Purpose: To be more mindful about liquid intake from high calorie/sugary beverages and increase daily water intake. 

 

How to enter: $10 buy in, due to Derek by 1/9/2020 (all proceeds will go to gym improvements i.e. the floors, equipment, events)  

Prize: Winner will get to pick an apparel item in the gym or the online store.

How to play: The challenge will be based off a point system, see instructions below:

  • Negative 1 point per every serving of high calorie/sugary beverage a day (anything more than 15 calories per serving i.e. soda, alcohol, beer, wine, juice, sweet tea, Gatorade)

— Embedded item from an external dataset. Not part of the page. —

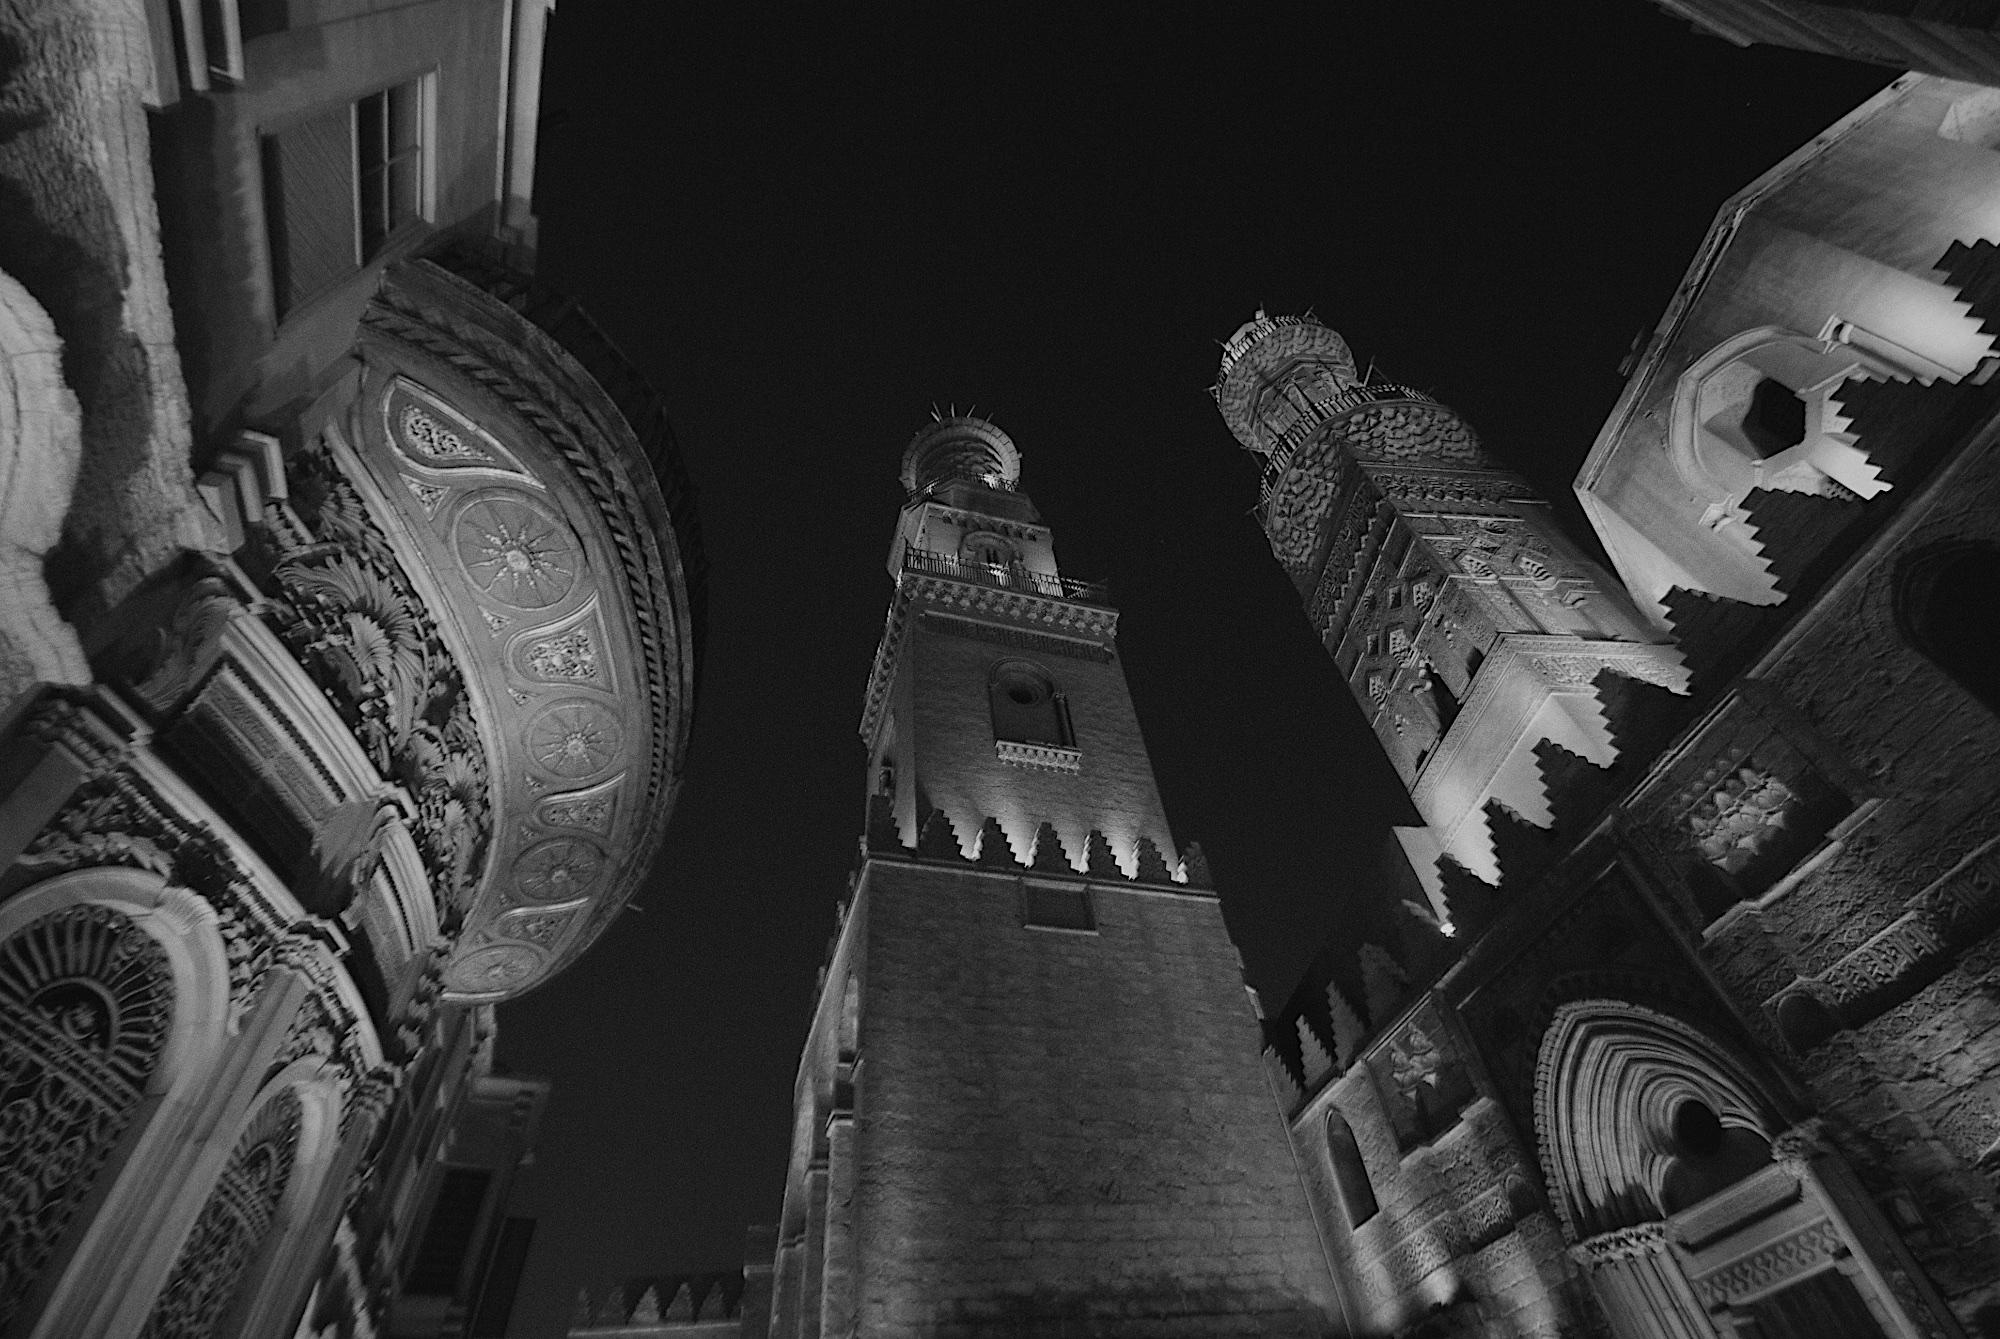 denis-bosnic-cairo-egypt-bw-photography-11-islamic-mosque-complex-qalawun-madrasa-minarets.jpg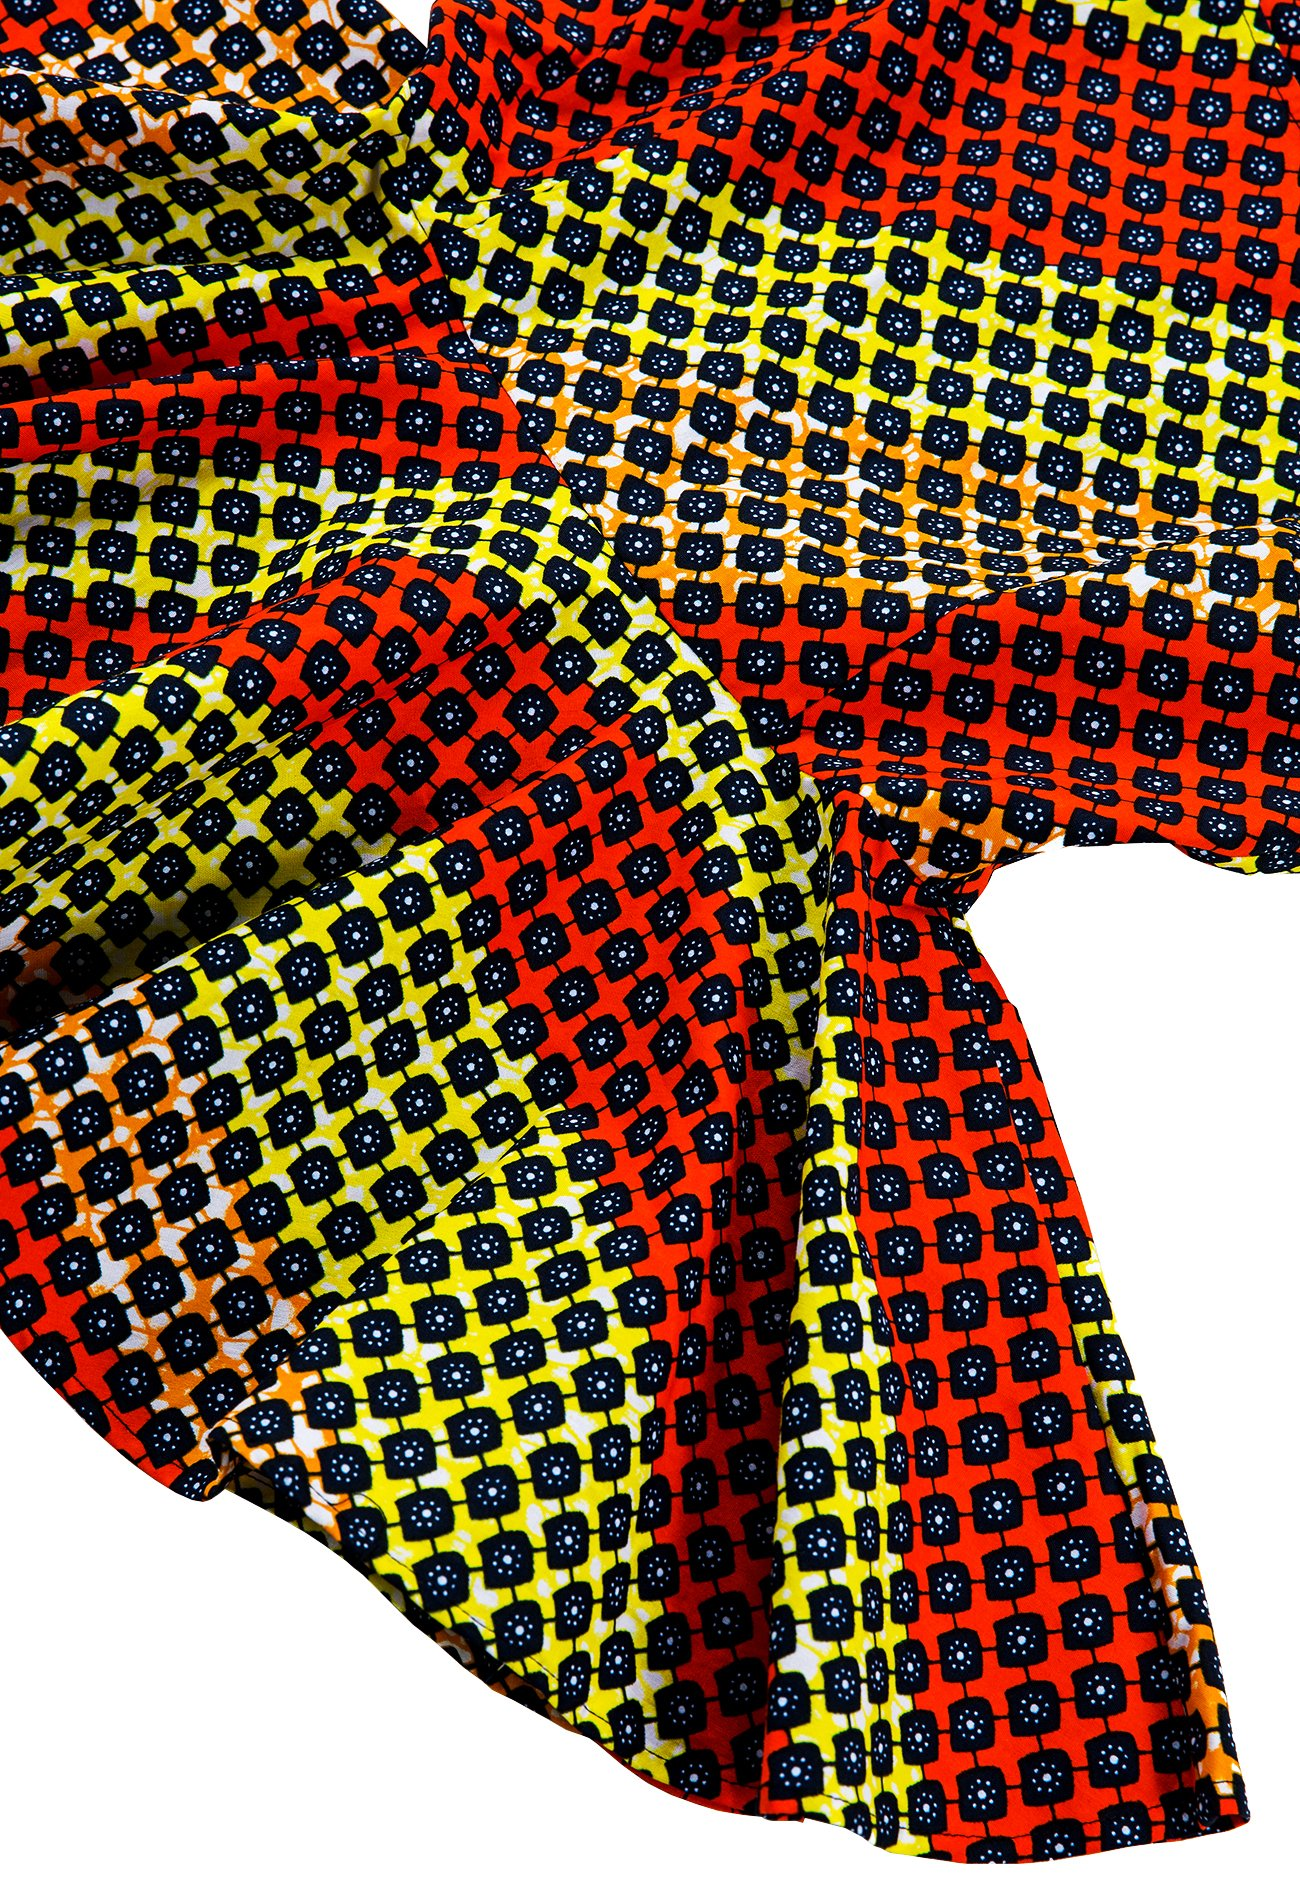 Shenbolen Womens Dashiki Tops Sleeveless Summer African Printed Slim Fit Shirts Blouse (Medium,B) by Shenbolen (Image #4)

  • Plus 1 point per day for every 64+ oz water consumed- limit 2 points per day, no extra points for anything over 128 oz

  • Plus 1 point per day for each WOD attended and/or 3 miles bike, 1 mile run, 2,000 meter ski erg, 2,000 meter row

 

Tracking: You will track your own points on the nutrition whiteboard at the gym

Questions: Direct them to Renell 

Next time you reach for a beverage to quench your thirst, give it a good once over first. It might be a little shocking, but the average American consumes approximately 400 calories per day from sugary drinks. This adds up to a whopping 146,000 calories per year. To put that in perspective, an average runner would need to log somewhere around 1,400 miles just to burn those calories! If we were to convert this to pounds, that would equal 49 pounds; probably more than your New Year’s resolution weight loss goals.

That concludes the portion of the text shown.